Huawei said it expected sales to jump by up to 12% this year
January 21, 2013 – Huawei Technologies, the largest telecommunication equipment maker in China, said it was open minded over an IPO, after it posted sales that most likely would surpass those of Ericsson.
Whether the company would hold an initial public offering would depend upon interest from possible shareholders, as Huawei is not in need of raising any capital, said Cathy Meng Wanzhou the Chief Financial Officer of the company today in Beijing.
Huawei said it expected sales to jump by up to 12% this year. Last year the company saw an increase in sales of 8%.
The company was originally set up by Ren Zhengfei in 1987. An IPO by the company might help the privately held company expand into overseas markets by increasing transparency and lowering any security issues, said an analyst.

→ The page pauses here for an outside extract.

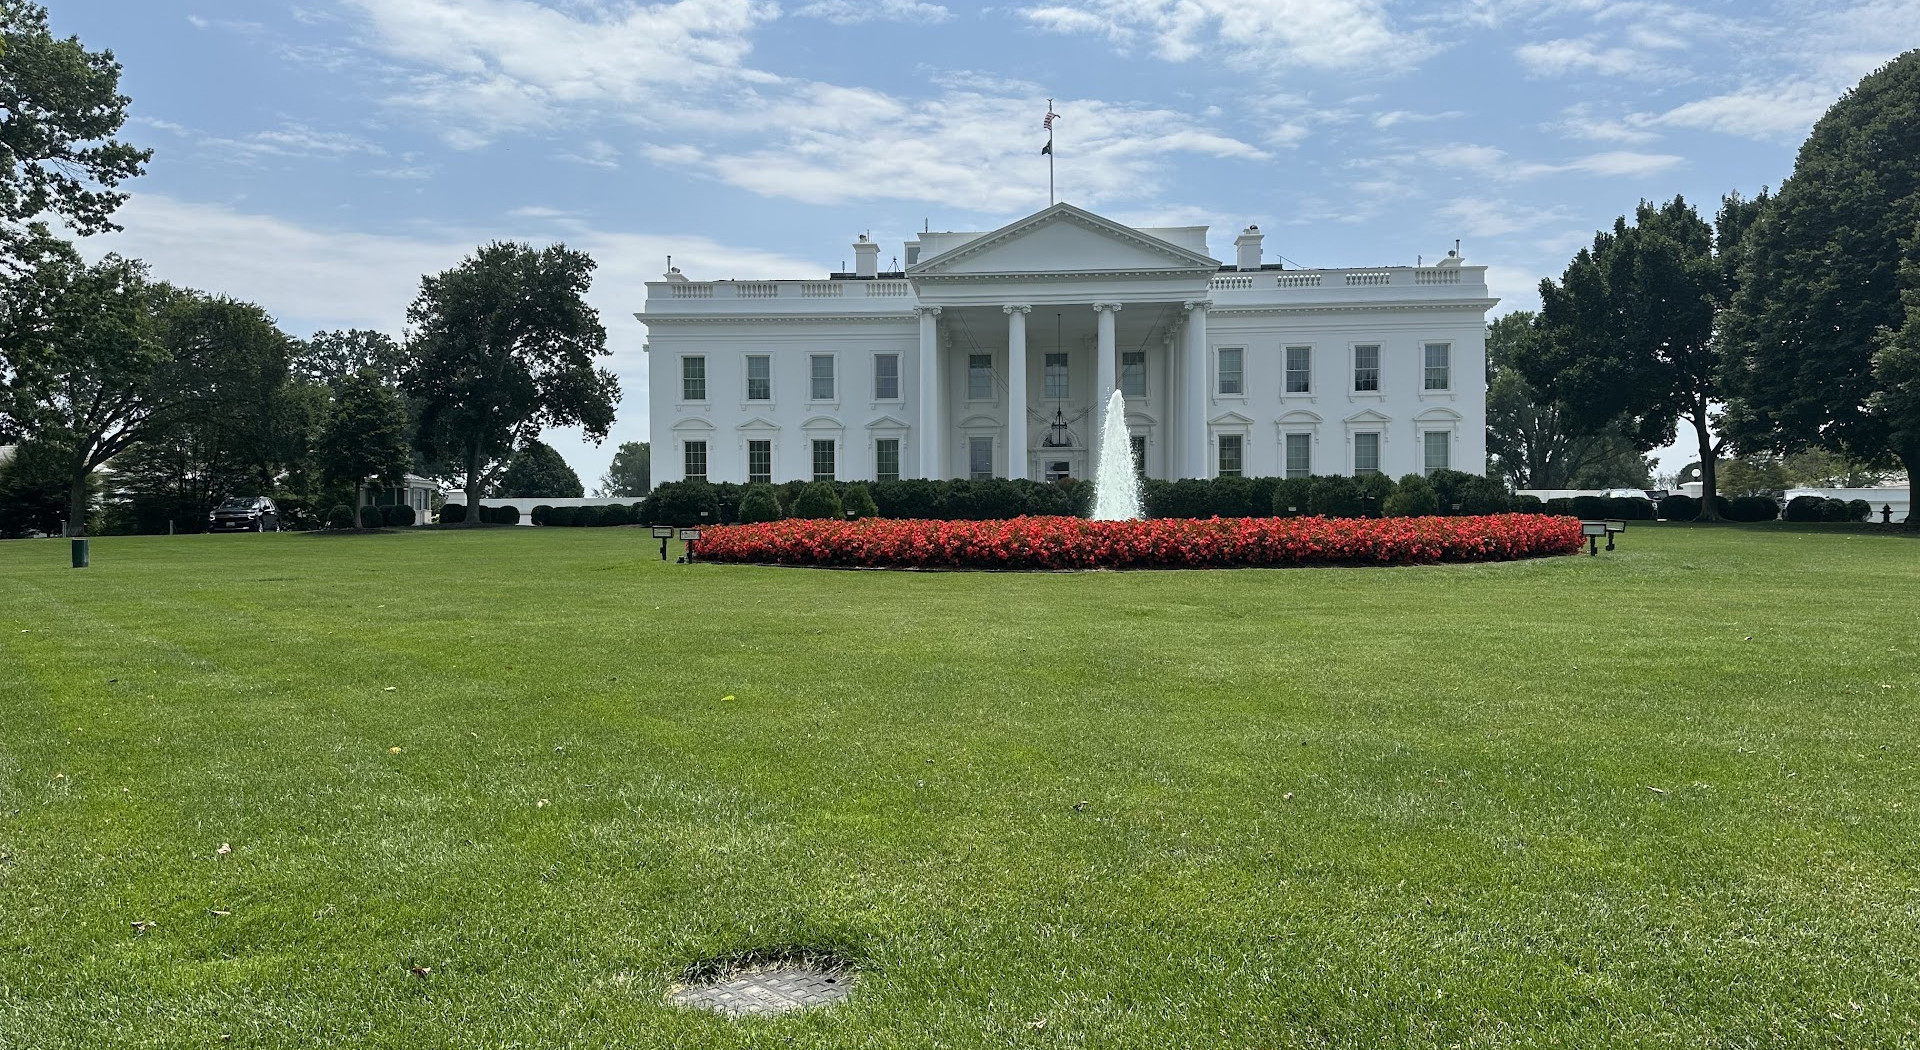 Centro visitatori della Casa Bianca

The House Intelligence Committee from the U.S House of Representatives recommended in October of last year that local businesses refrain from purchasing equipment that Huawei made. The committee cited concerns that China might install malicious software or hardware in networks in the U.S. since the founder of the company once served in the military in China.
Therefore, many analysts have said that perception is a big issue with the company. Listing the company through an IPO, said another analyst, would help the image of the company, but he doubts Huawei is ready for that.
The same House committee said that companies in the U.S. should stay clear of ZTE Corp., another manufacturer of telecommunication equipment in China.
Sales last year in Huawei increased to $35.4 billion, with net income up by 33%. The briefing by Meng was her first and she is the daughter of Zhengfei the founder of the company.
Meng said the company had cash flow of $12 billion and working capital of $4.5 billion as of December 31, 2012. Huawei also had $33 billion available in credit lines, with over 77% of that coming from banks that are not in China.